• [TASK INSTRUCTIONS]:
What you return should be the full listing, word for word, without a single image.

• [SUPPLIED DATA]:

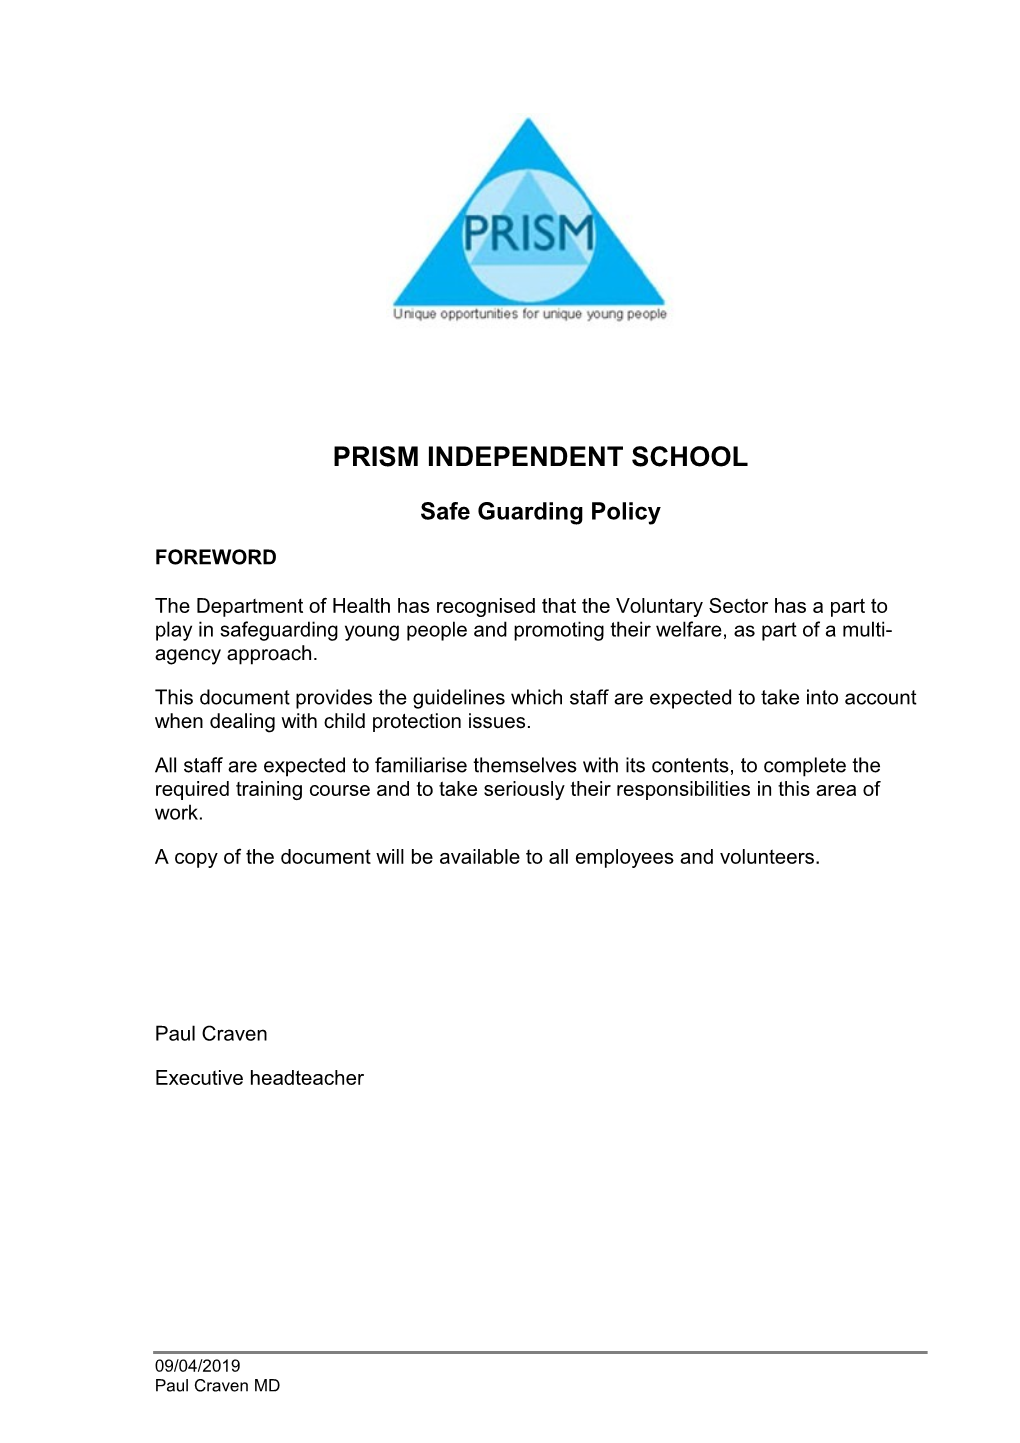 PRISM Independent School
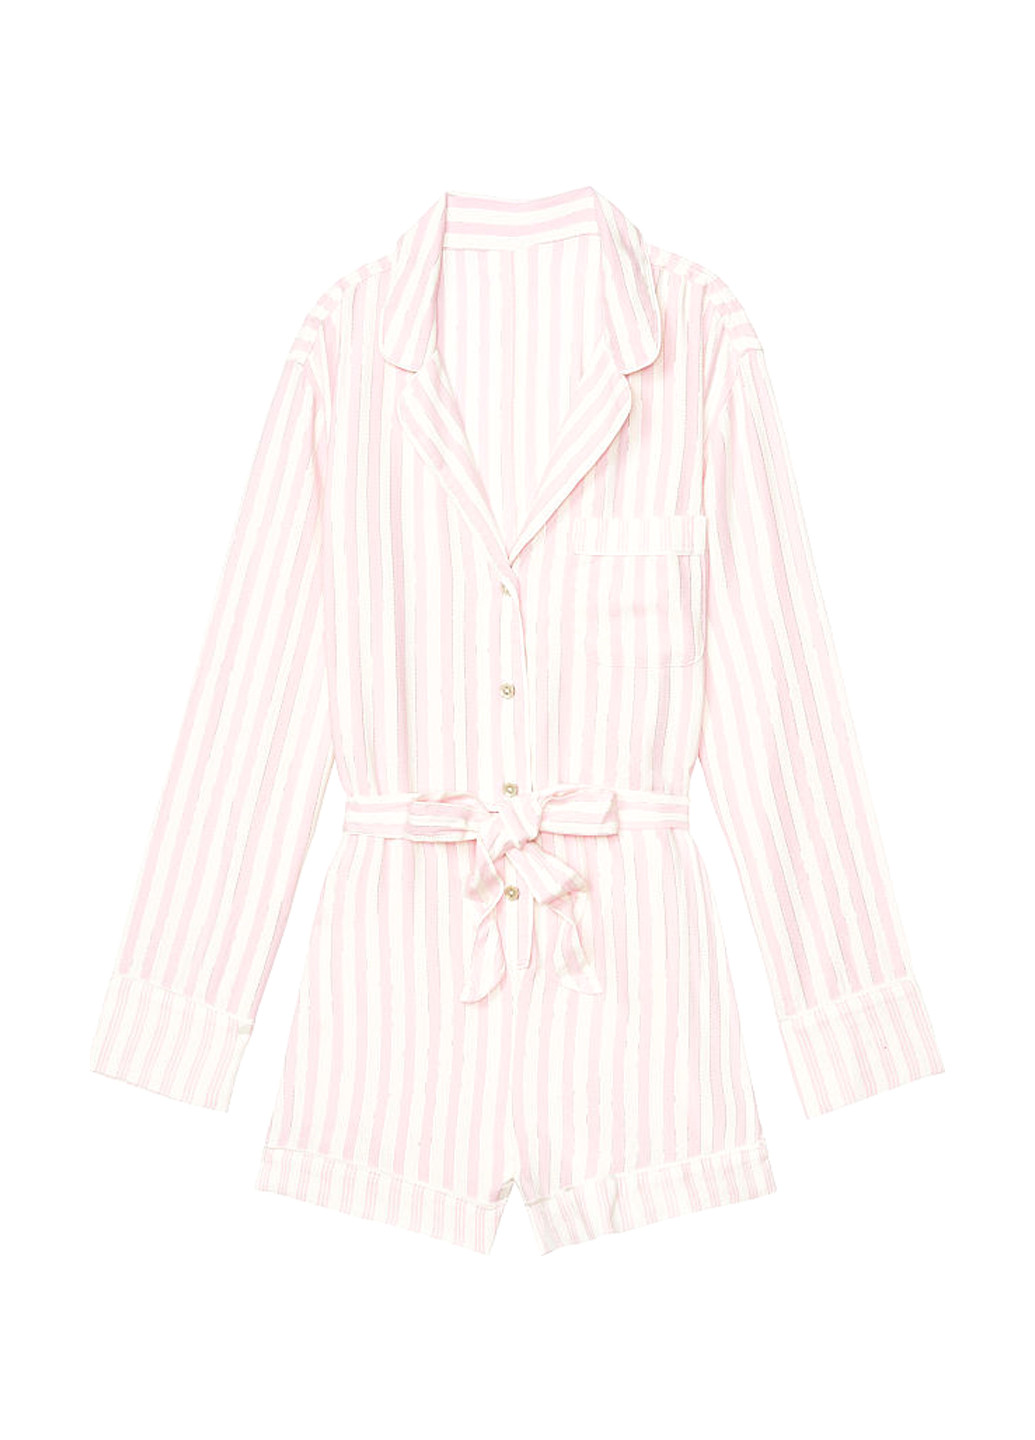 Комбинезон Victoria's Secret комбинезон-шорты полоска светло-розовый домашний хлопок, фланель
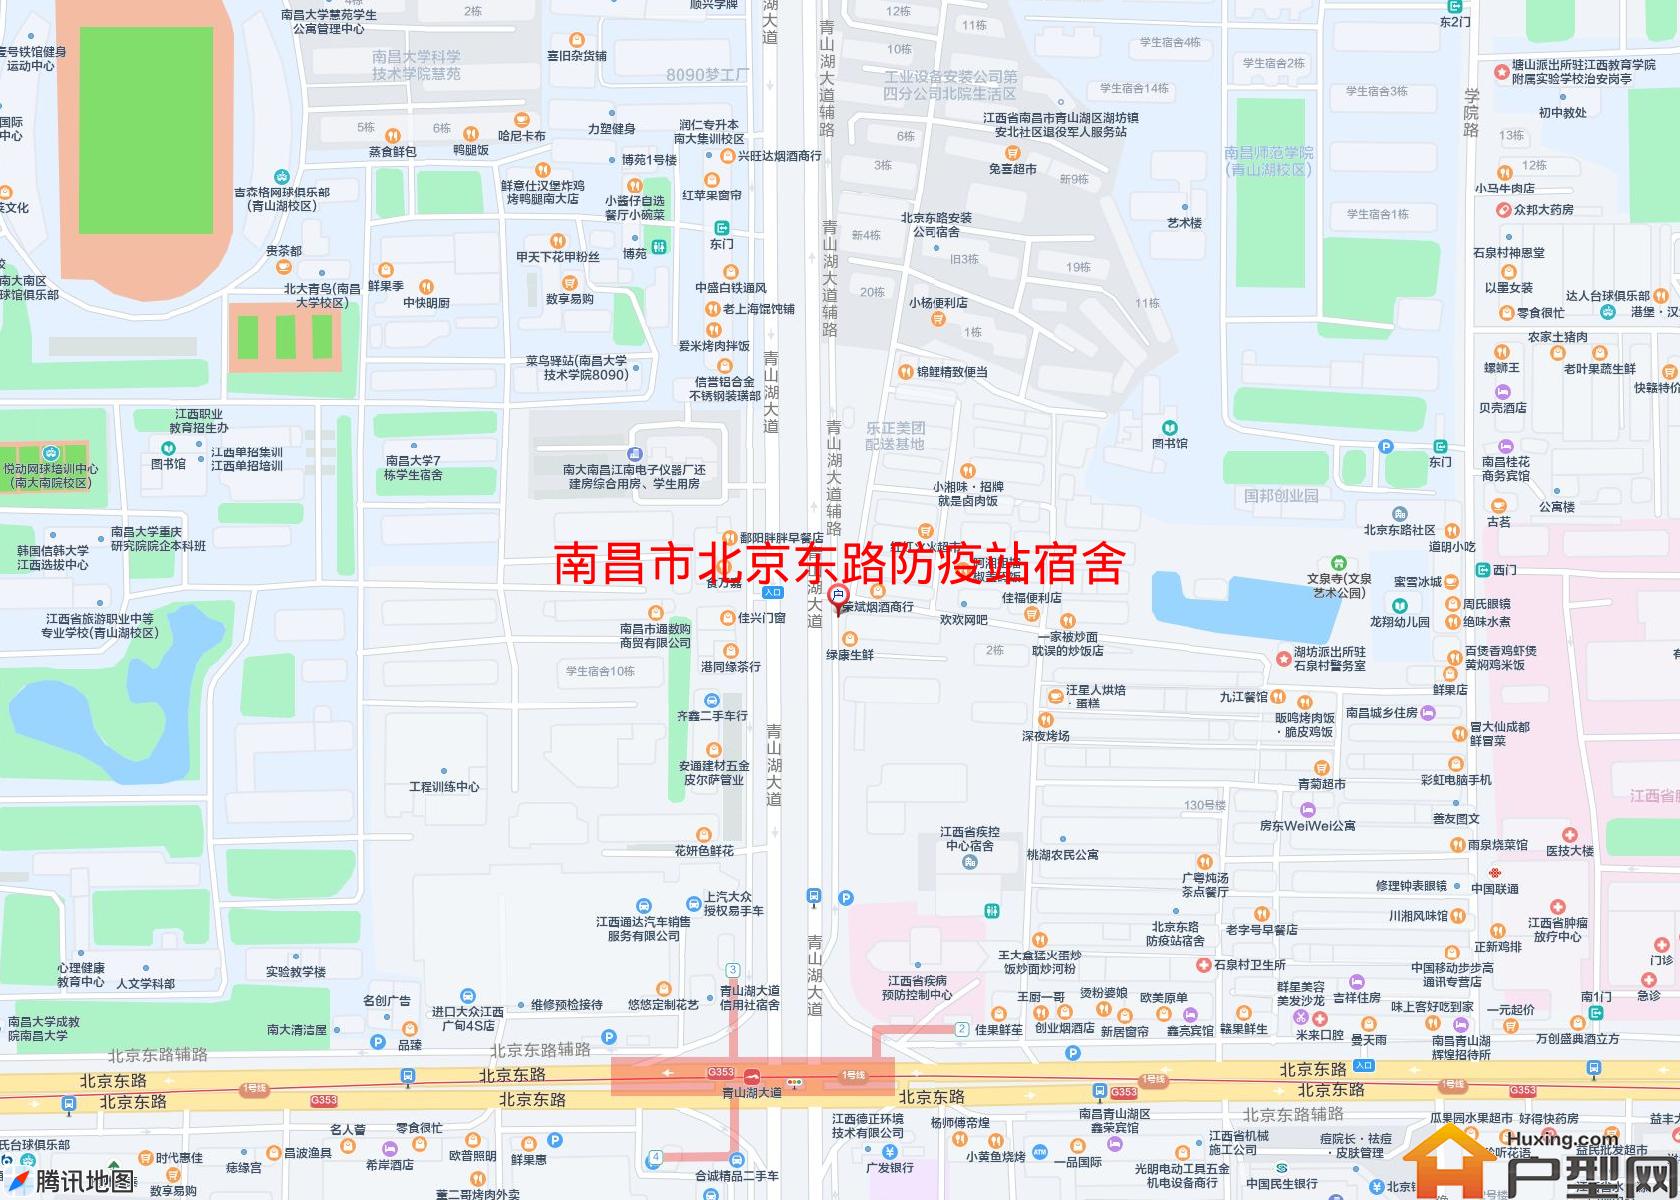 北京东路防疫站宿舍小区 - 户型网
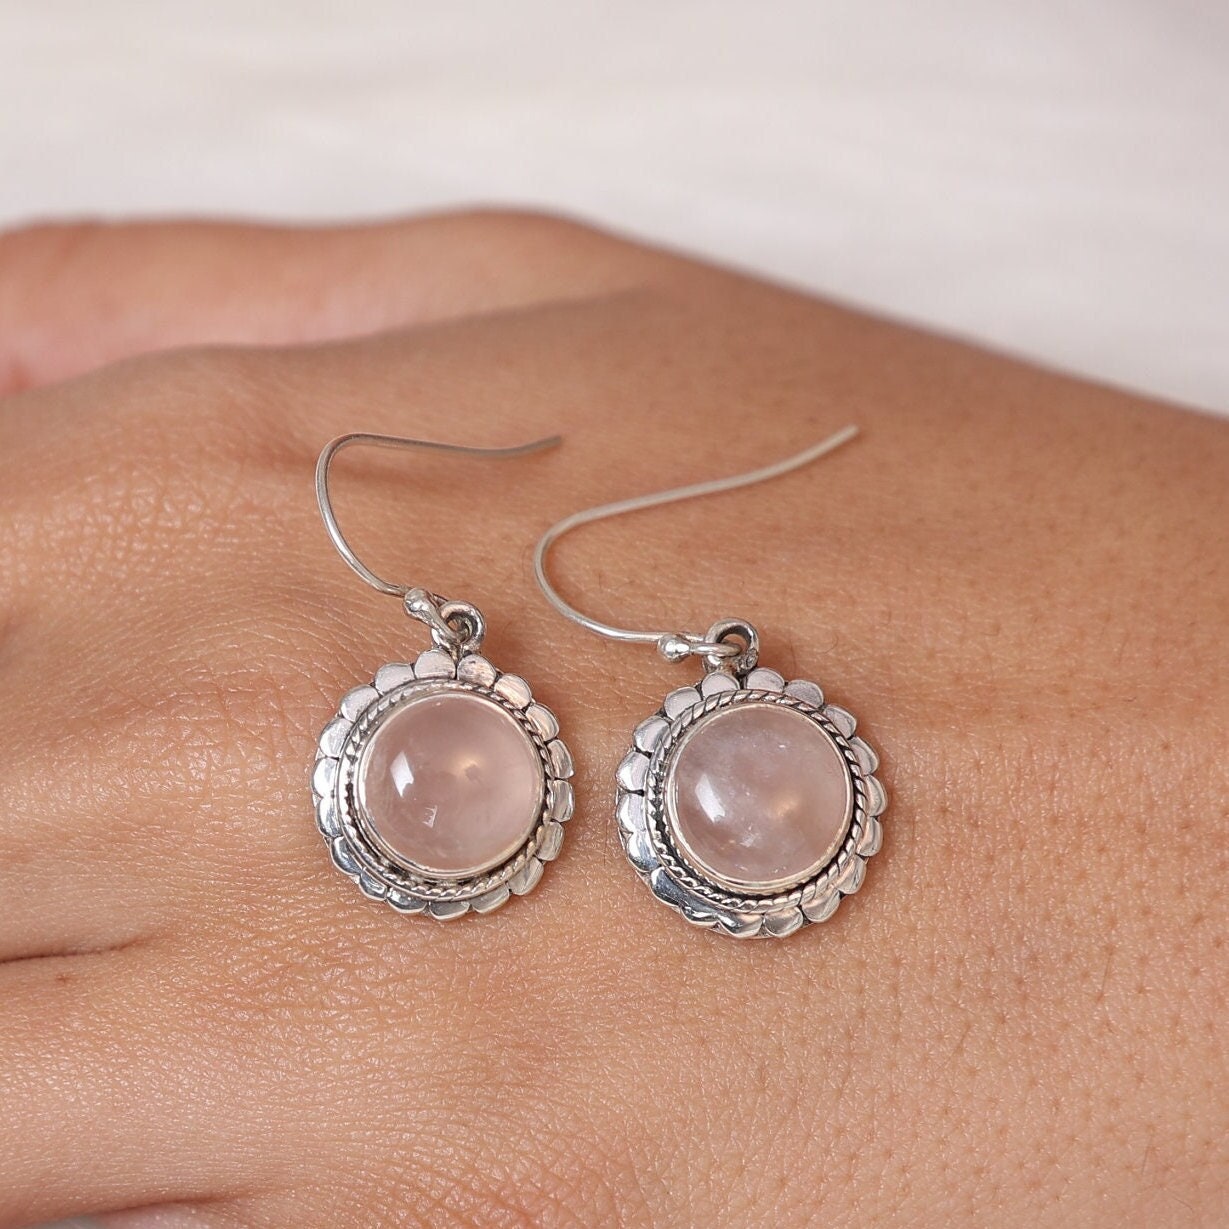 Rose Quartz Earrings, 925 Sterling Silver Earrings, January Birthstone Earrings, Dangle Gemstone Earrings, Handmade Jewelry Earrings
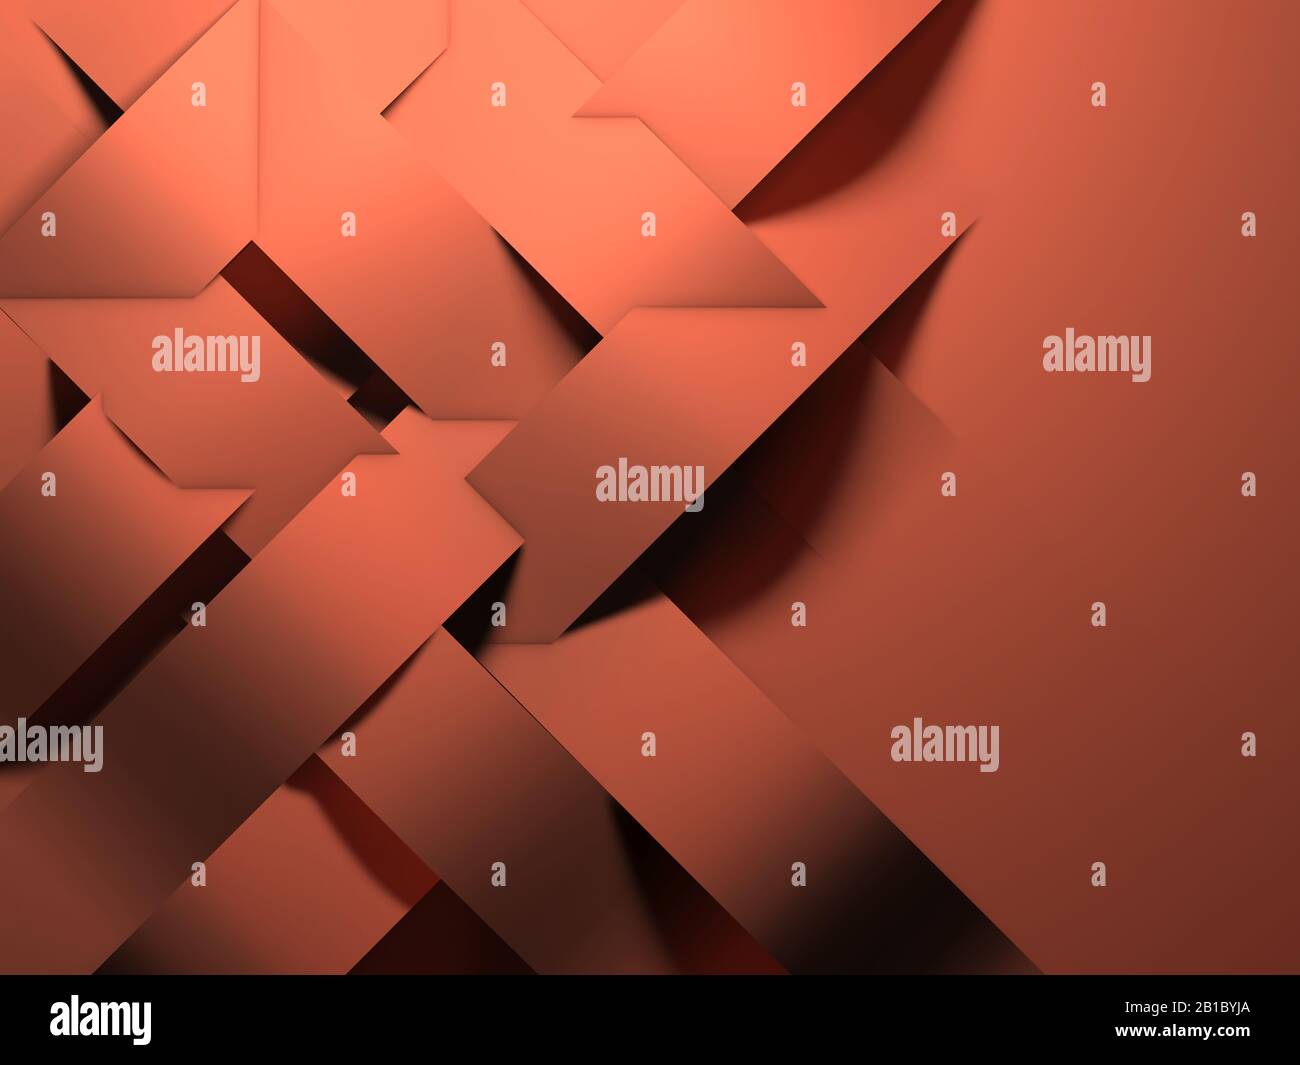 Arrière-plan géométrique abstrait, motif d'installation des bandes de papier sur la paroi orange, illustration du rendu 3d Banque D'Images

• [TASK OUTPUT]:
 PRISM Independent School
 Комбинезон Victoria's Secret комбинезон-шорты полоска светло-розовый домашний хлопок, фланель
 北京东路防疫站宿舍小区 - 户型网
 Rose Quartz Earrings, 925 Sterling Silver Earrings, January Birthstone Earrings, Dangle Gemstone Earrings, Handmade Jewelry Earrings
 Arrière-plan géométrique abstrait, motif d'installation des bandes de papier sur la paroi orange, illustration du rendu 3d Banque D'Images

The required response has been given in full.